The election will decide whether the nation, with more than 40 million eligible voters, will see the return of liberals after five years of Lee's conservative government or hand power to a woman president for the first time.
The two candidates are the ruling Saenuri Party's Park Geun-hye, 60, daughter of former President Gen. Park Chung-nee, and the main opposition Democratic United Party's Moon Jae-in, a human rights lawyer and a former chief of staff to the late President Roh Moo-hyun, predecessor to outgoing President Lee.
Lee could not seek another term under the Constitution.
Yonhap said several pre-election surveys had shown the two running a neck-and-neck contest within the margin of error.
"Though it's cold today, I hope you will take part in the voting and open up a new era that every one of you has yearned for," Park said after casting her vote near her home in Seoul, Yonhap reported.
Moon, who voted in the southern port city of Busan, was quoted as saying: "The only way for the people to change the world is voting. The only way for the people to stand above political power is voting. ... If you have been unsatisfied over the last five years, please change the world with your votes."
Yonhap News said the candidates have divergent views on issues such as relations with the Communist North Korea, the free-trade agreement with the United States, corporate reforms and welfare policies.
The elections are being held a week after a belligerent North Korea, in its latest violation of U.N. Security Council resolution, fired off a long-range rocket to put a satellite in space that has raised concerns about whether the secretive and isolated country has progressed to developing intercontinental ballistic missiles capable of carrying nuclear weapons.
Yonhap said election officials were reporting a voter turnout of 11.6 percent 3 hours after polling began at 6 a.m. in freezing weather.

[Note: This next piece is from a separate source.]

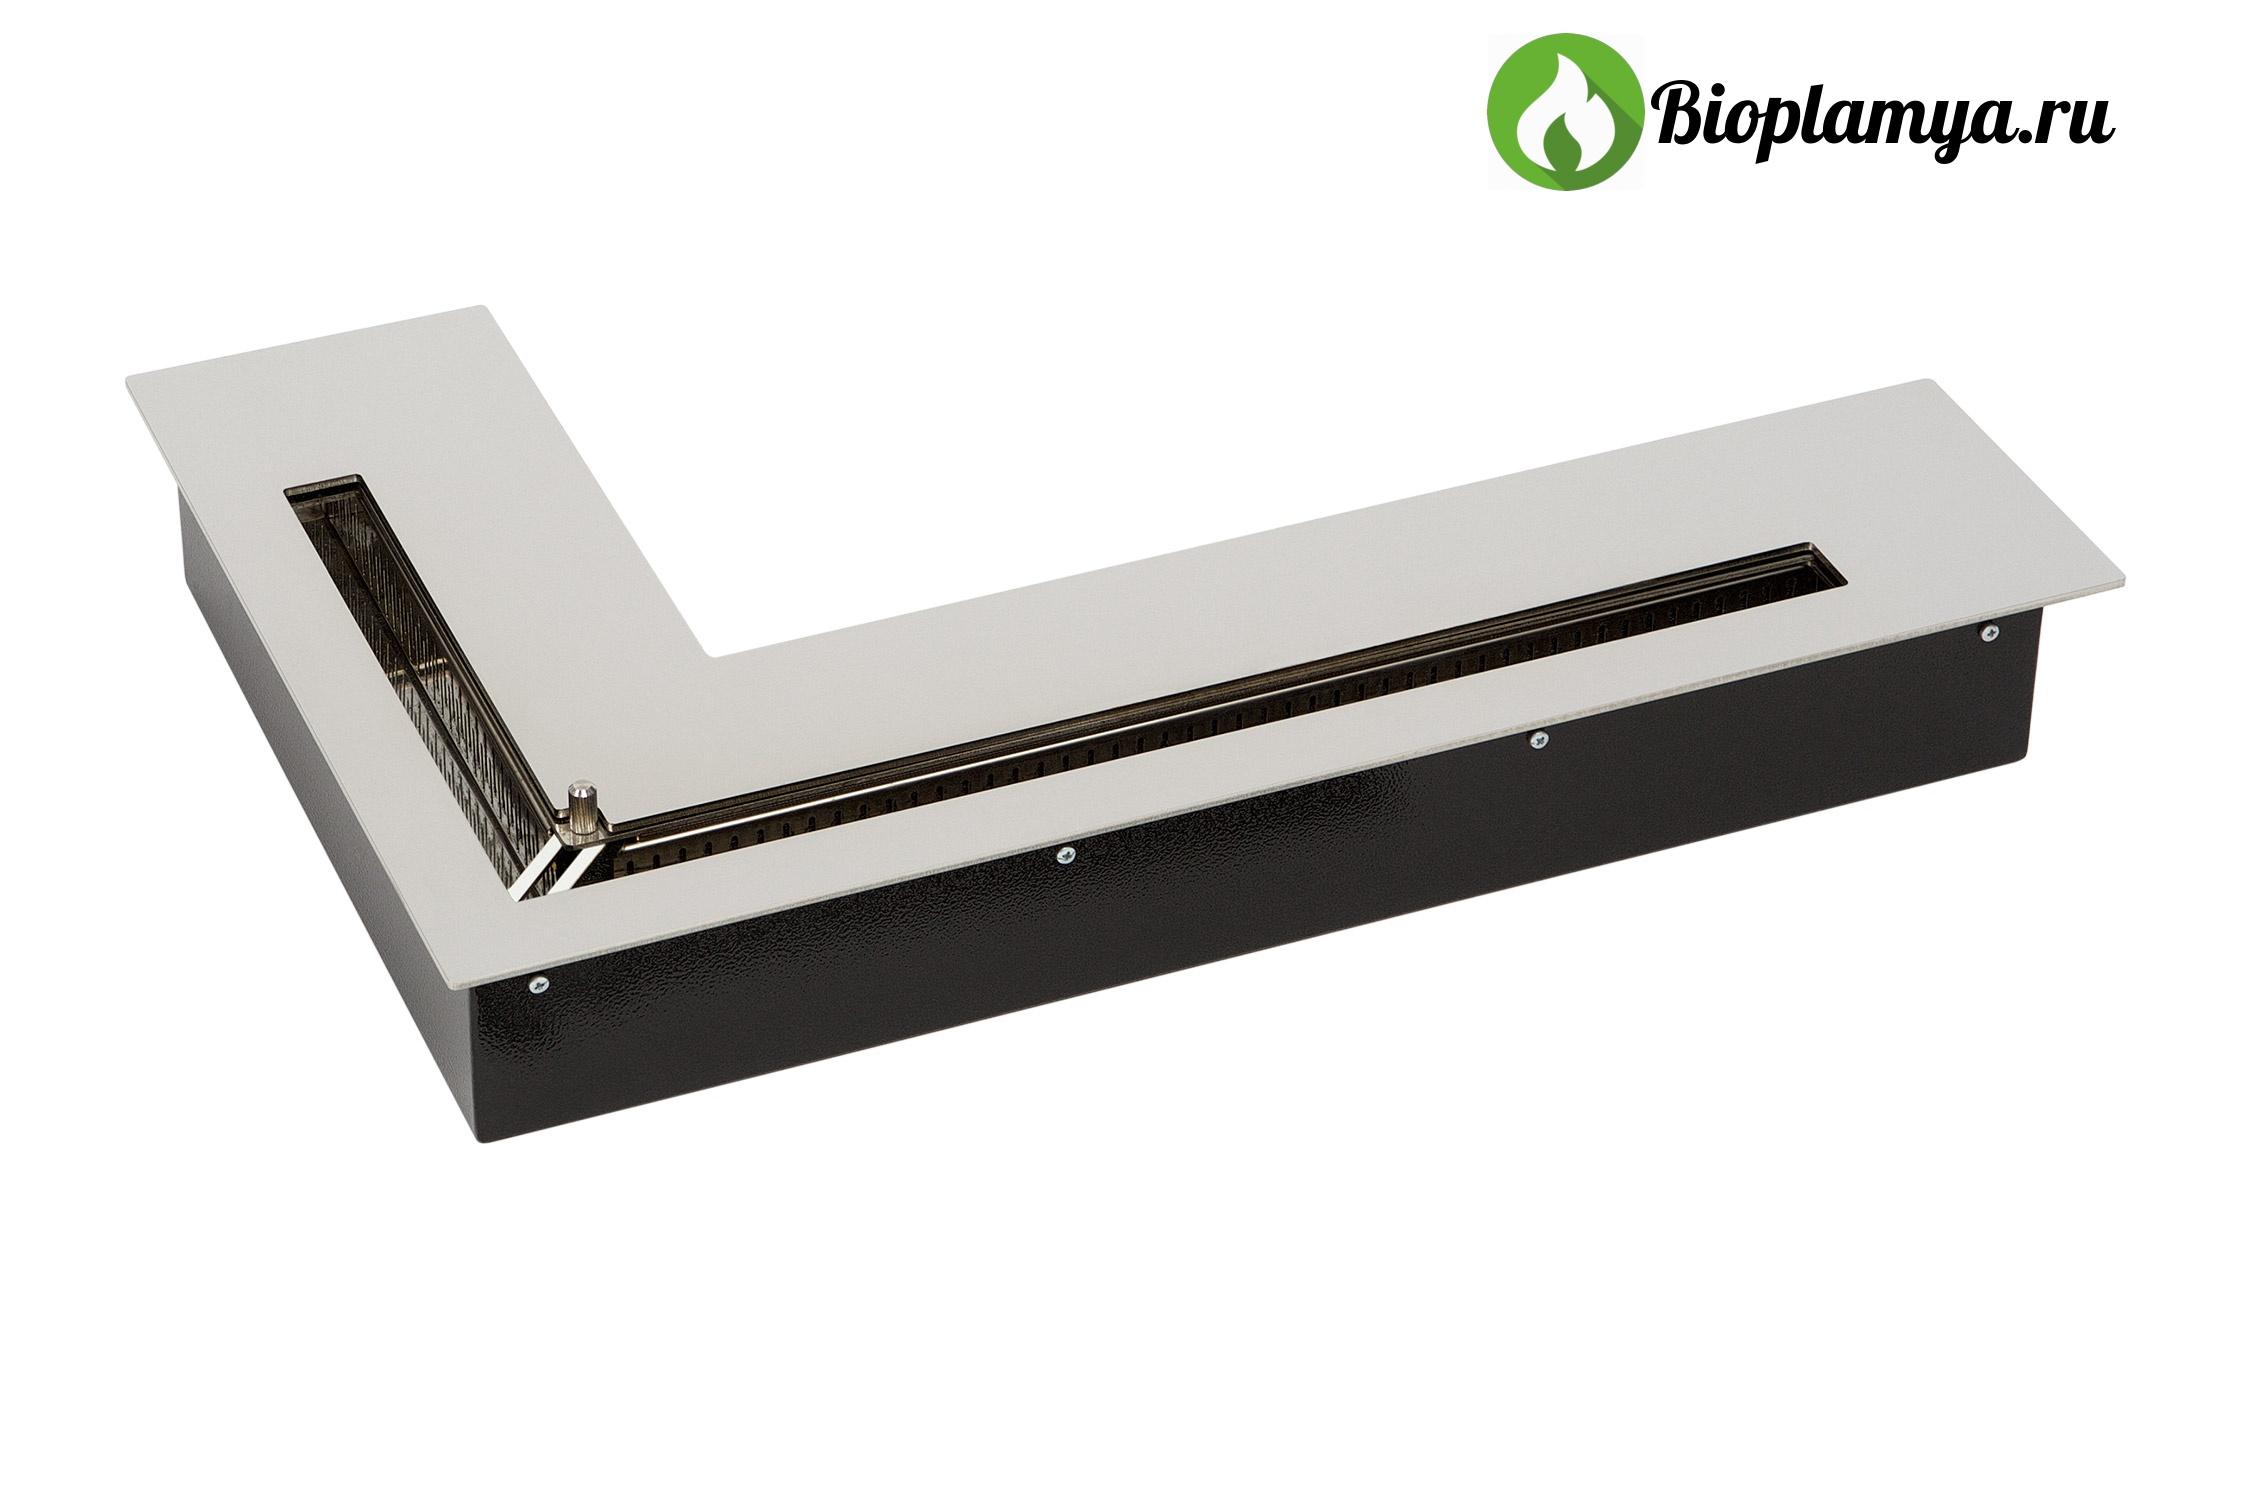 Топливный-блок-биокамина-EXCLUSIVE-L-Silver-Smith-Bioplamya.jpg

The turnout was better than the 9.4 percent registered at the same time in the 2007 presidential poll, with the final turnout then at 63 percent.
South Korea's three major television stations were to announce results of their joint exit polls after polling closed at 6 p.m., although final official results will not be known until early Thursday.
Earlier in the campaign, software tycoon Ahn Cheol-soo withdrew from the race and threw his support to Moon, making the race tighter, Yonhap said. The report said as the contest heightened, accusations and counter-accusations of illegal electioneering flew.
"We expect a very close race, so it will probably take some time before a winner becomes evident," Chosun Ilbo newspaper quoted an official at the National Election Commission as saying.